WHAT YOU SHOULD DO = Your answer must be the exact lines from the one with "Notre-Dame de Paris: after" to the end of the data, both included, with no pictures.

INFORMATION SUPPLIED =
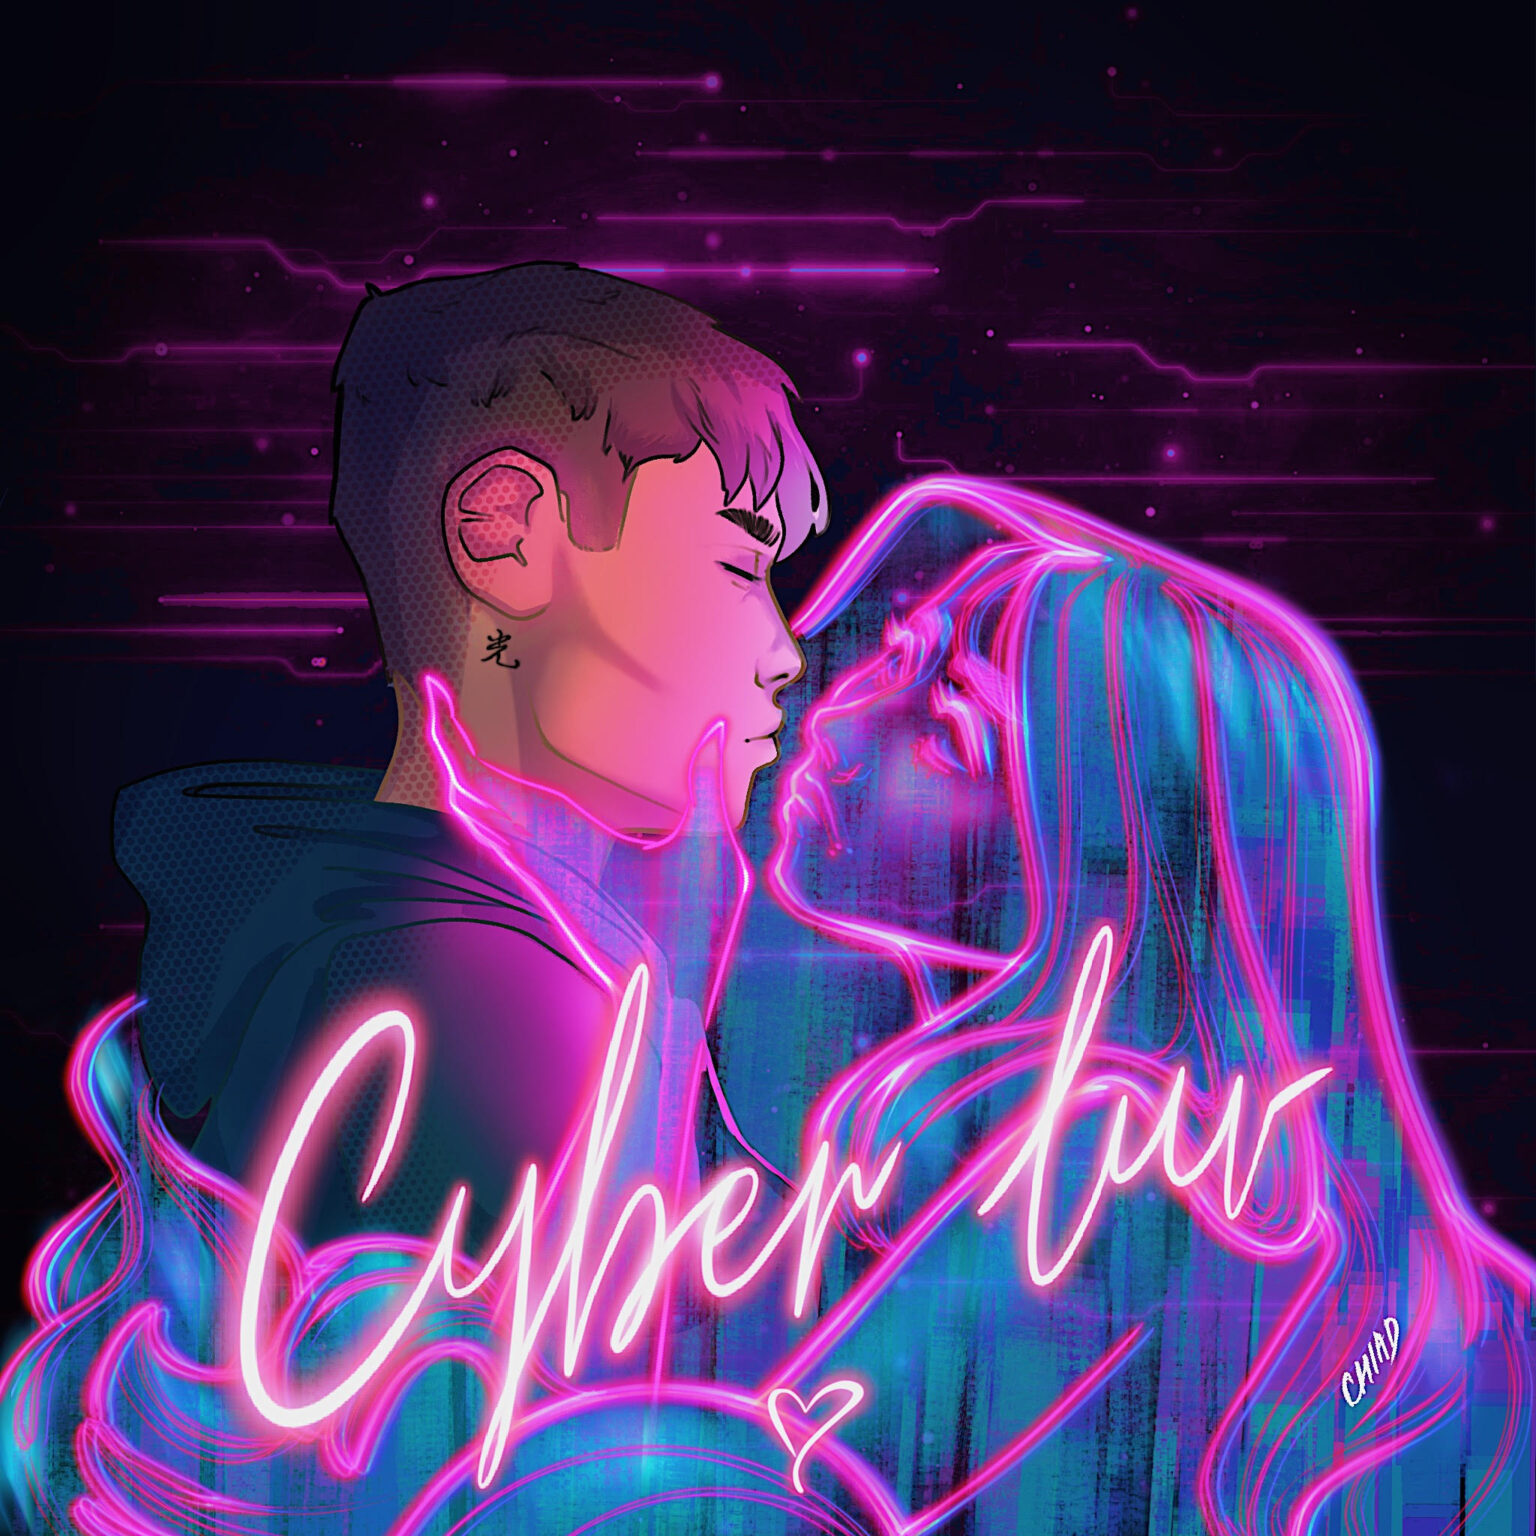 Connor Angels Releases New Single Cyberluv
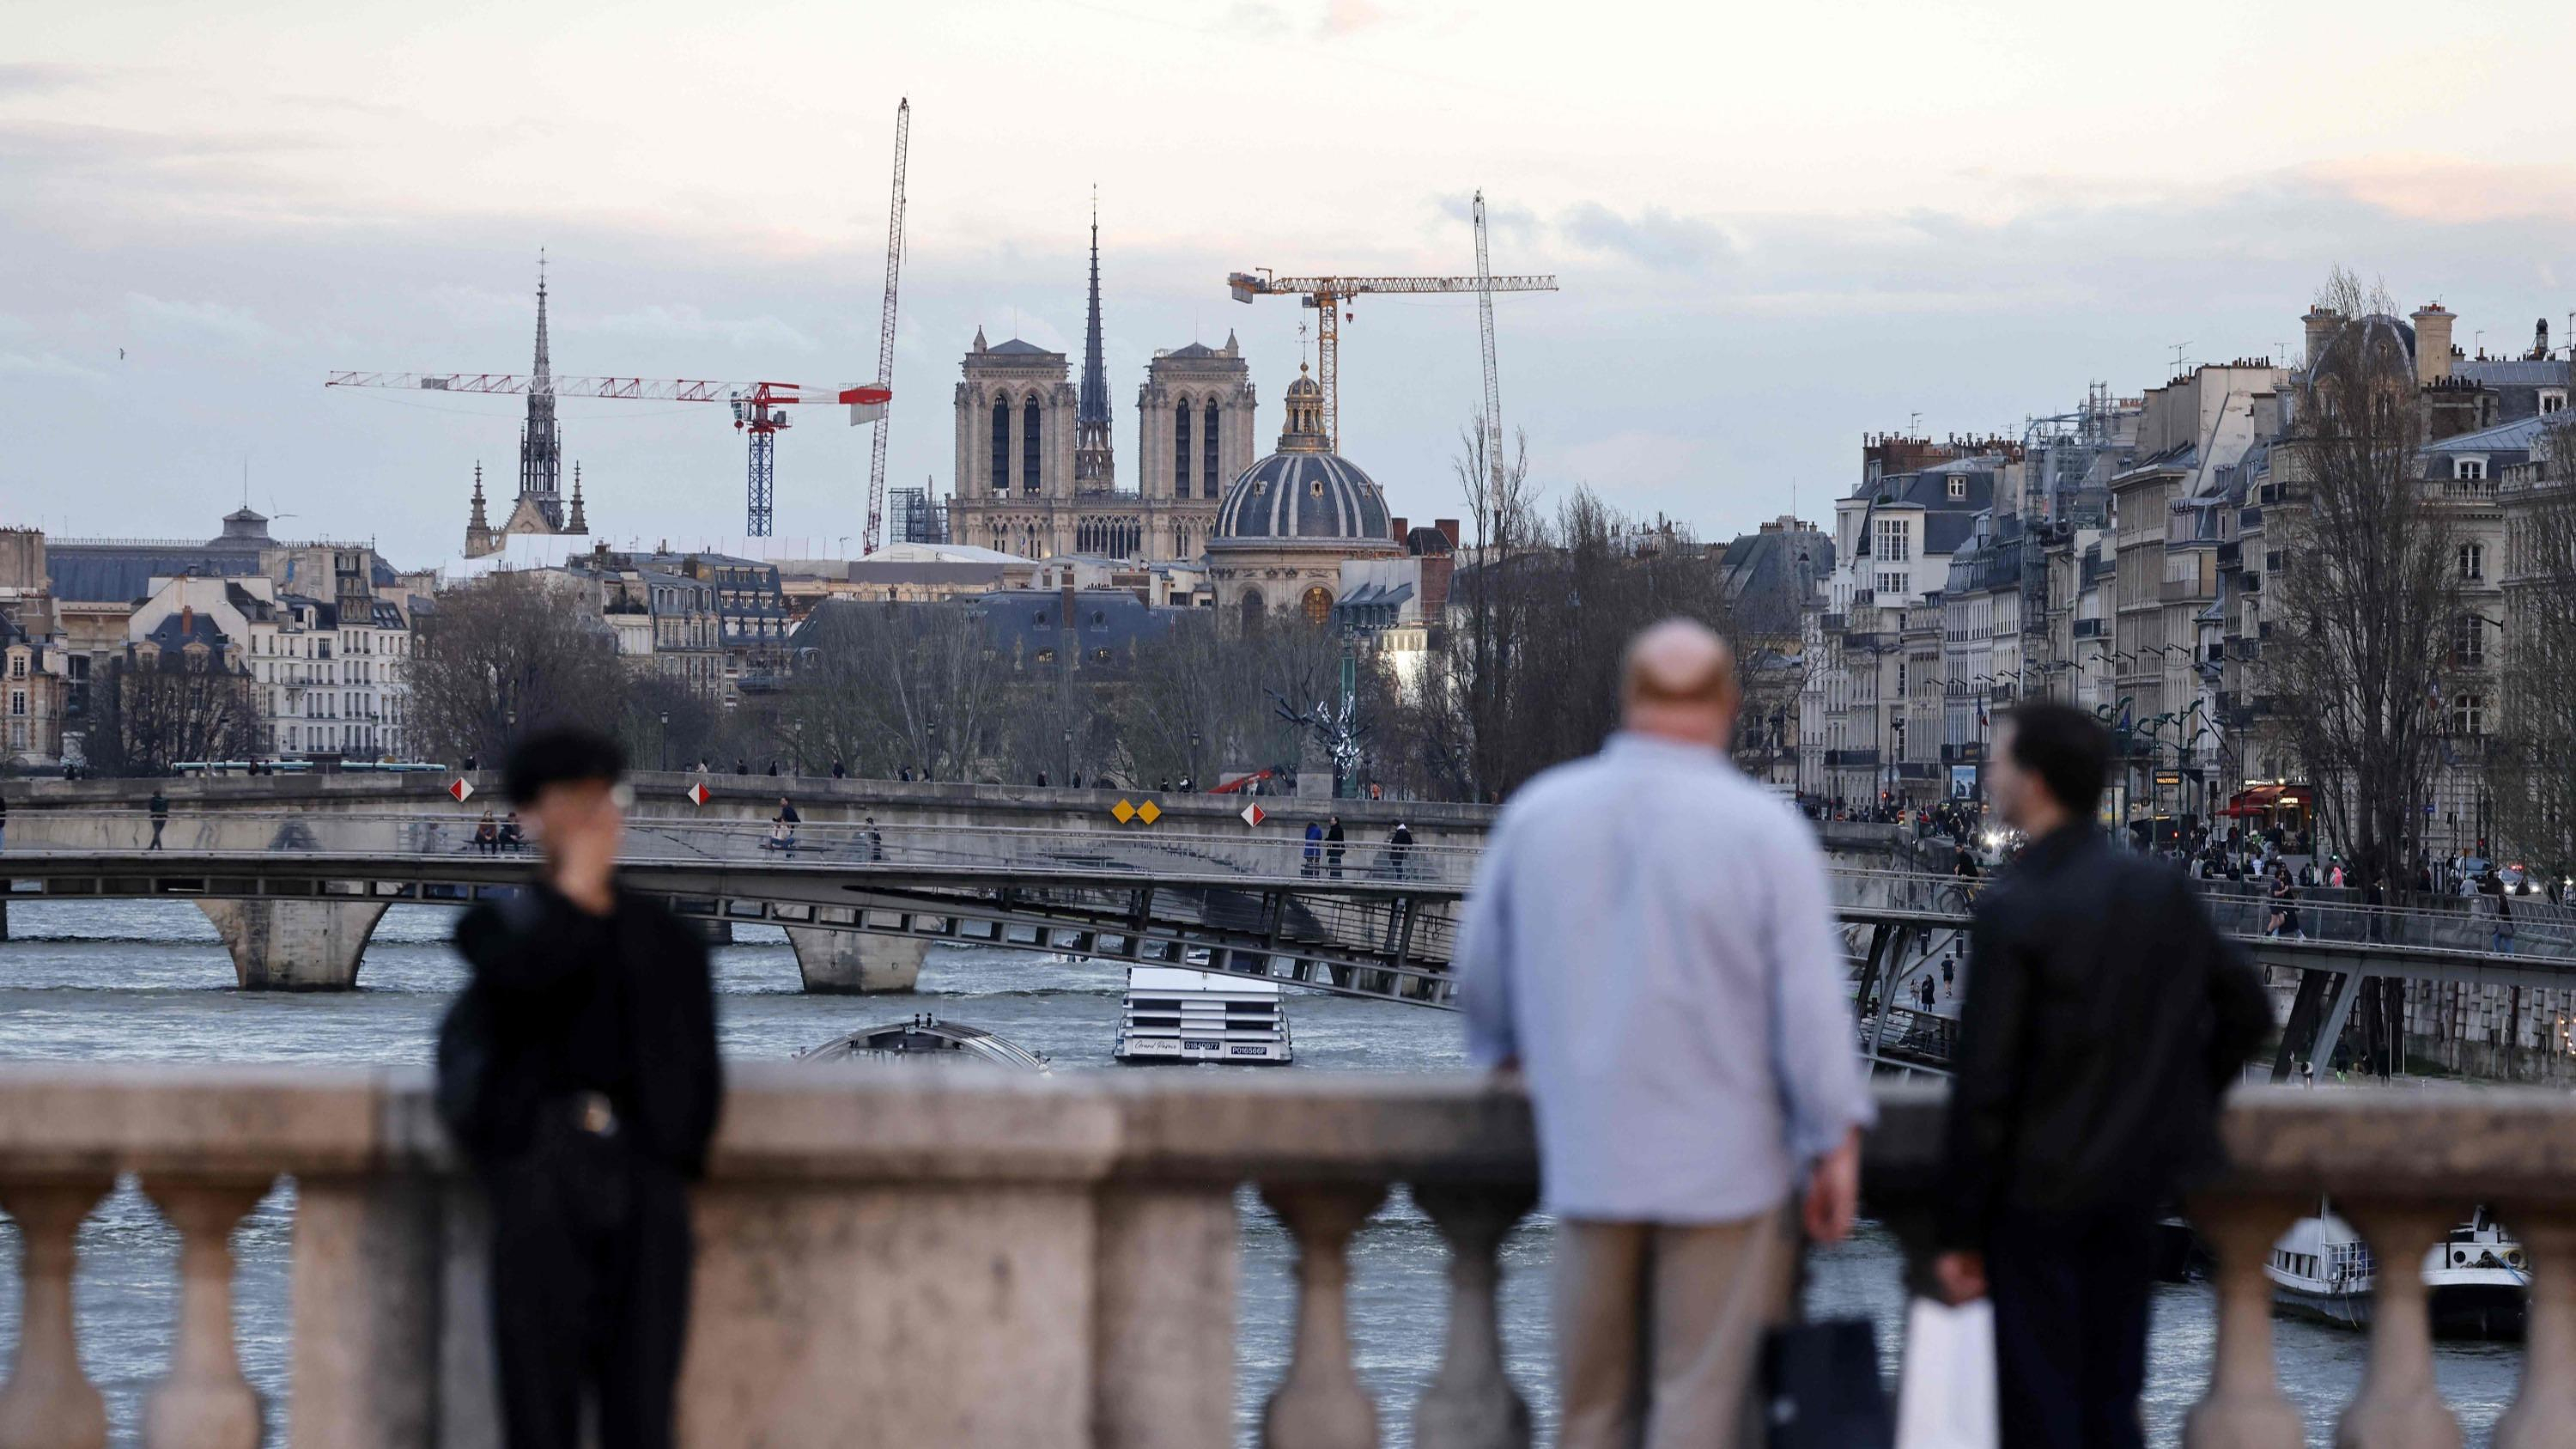 Notre-Dame de Paris: after reopening in December, work will continue
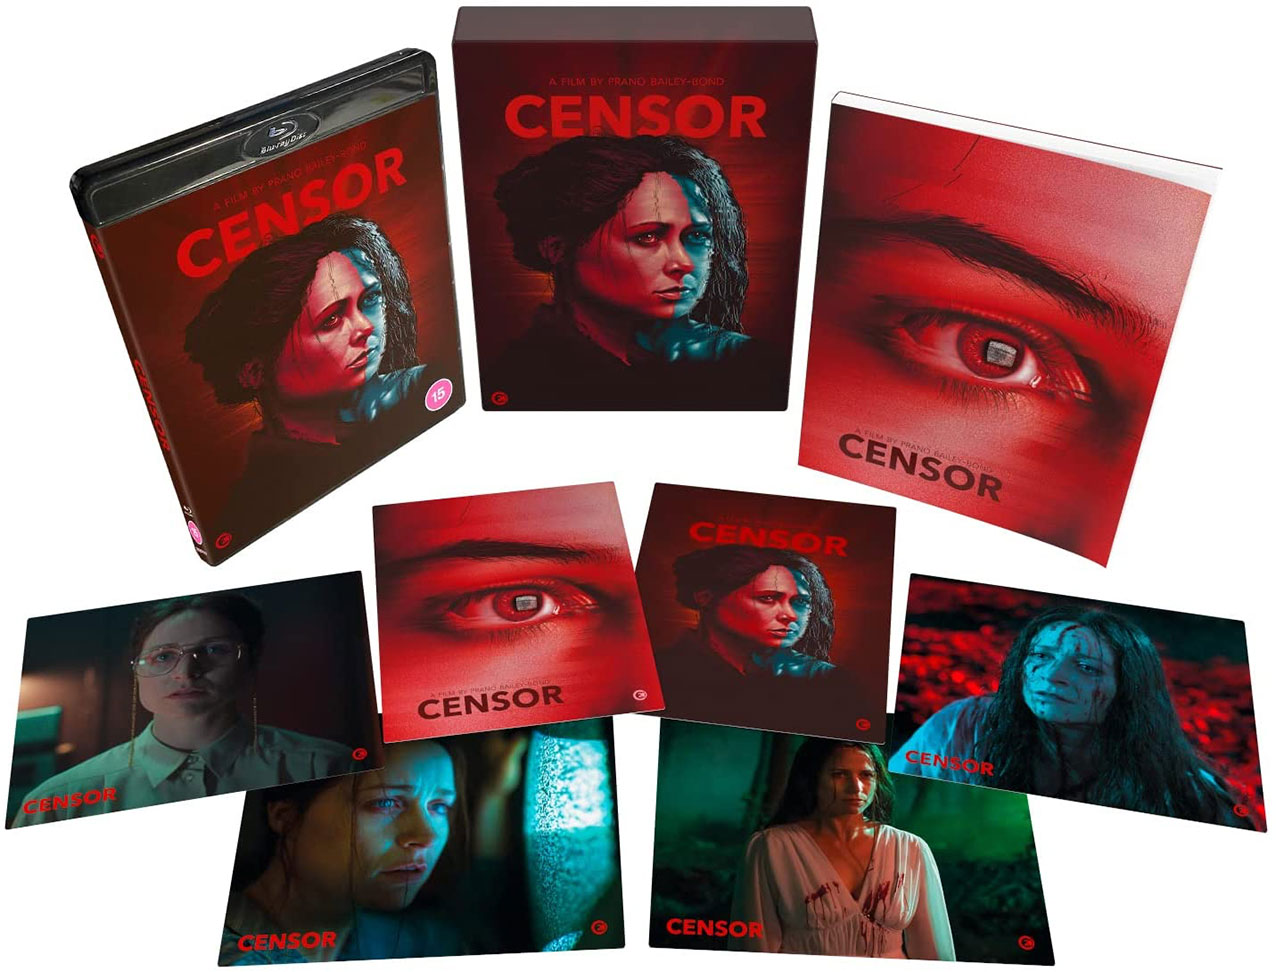 Censor Limited Edition Blu-ray pack shot
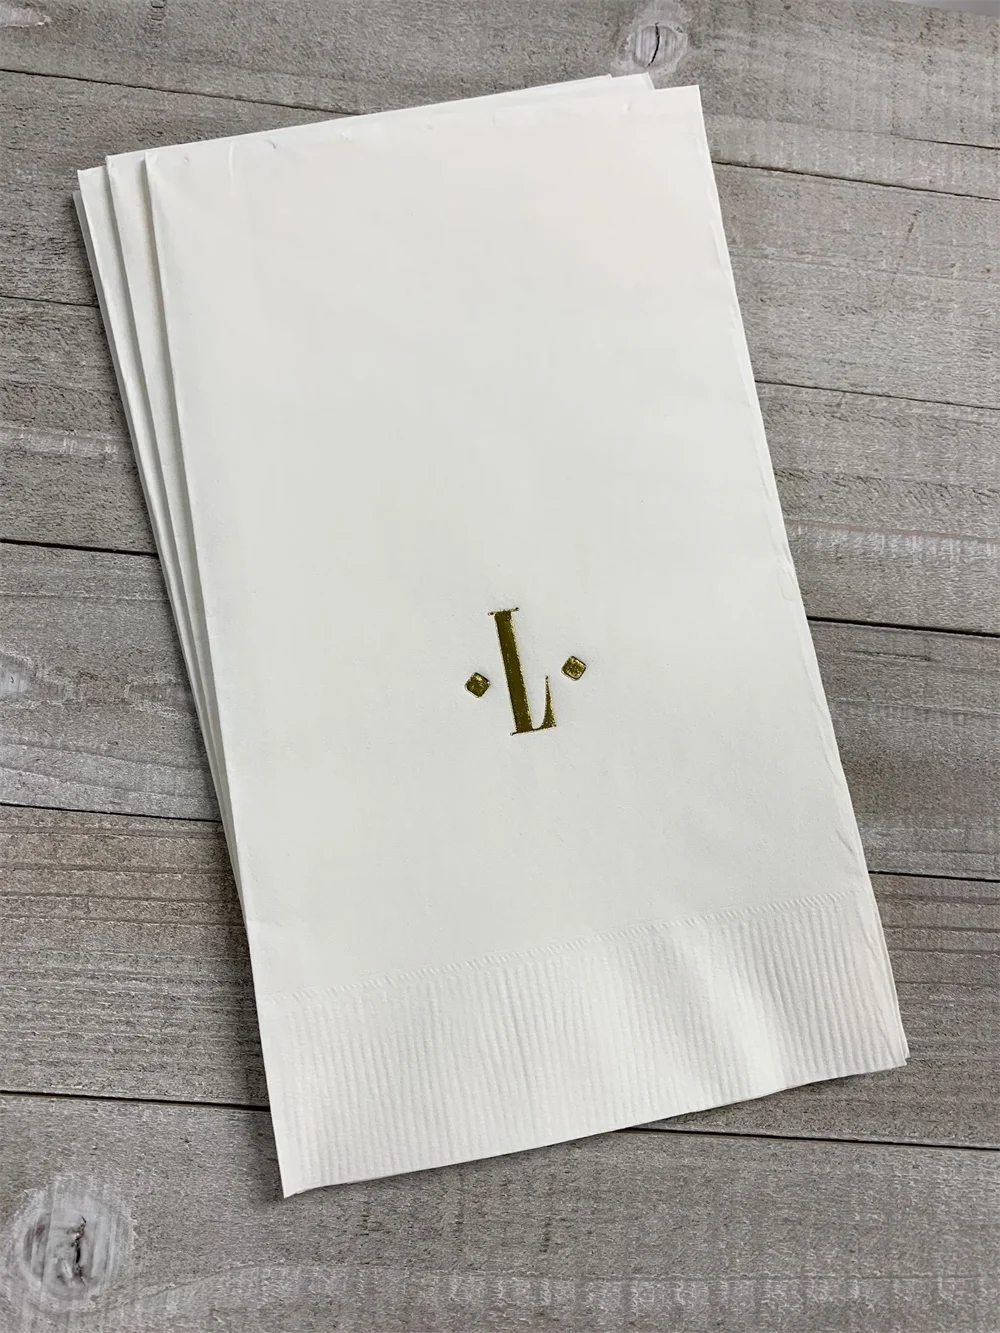 

Personalized Hand Guest Towels Paper Dinner Napkins Wedding Favors Hostess Gift Party Engagement Monogram Birthday Bar Bat Mitzv

SOLUTION =
 Notre-Dame de Paris: after reopening in December, work will continue
 Censor Limited Edition Blu-ray pack shot

Personalized Hand Guest Towels Paper Dinner Napkins Wedding Favors Hostess Gift Party Engagement Monogram Birthday Bar Bat Mitzv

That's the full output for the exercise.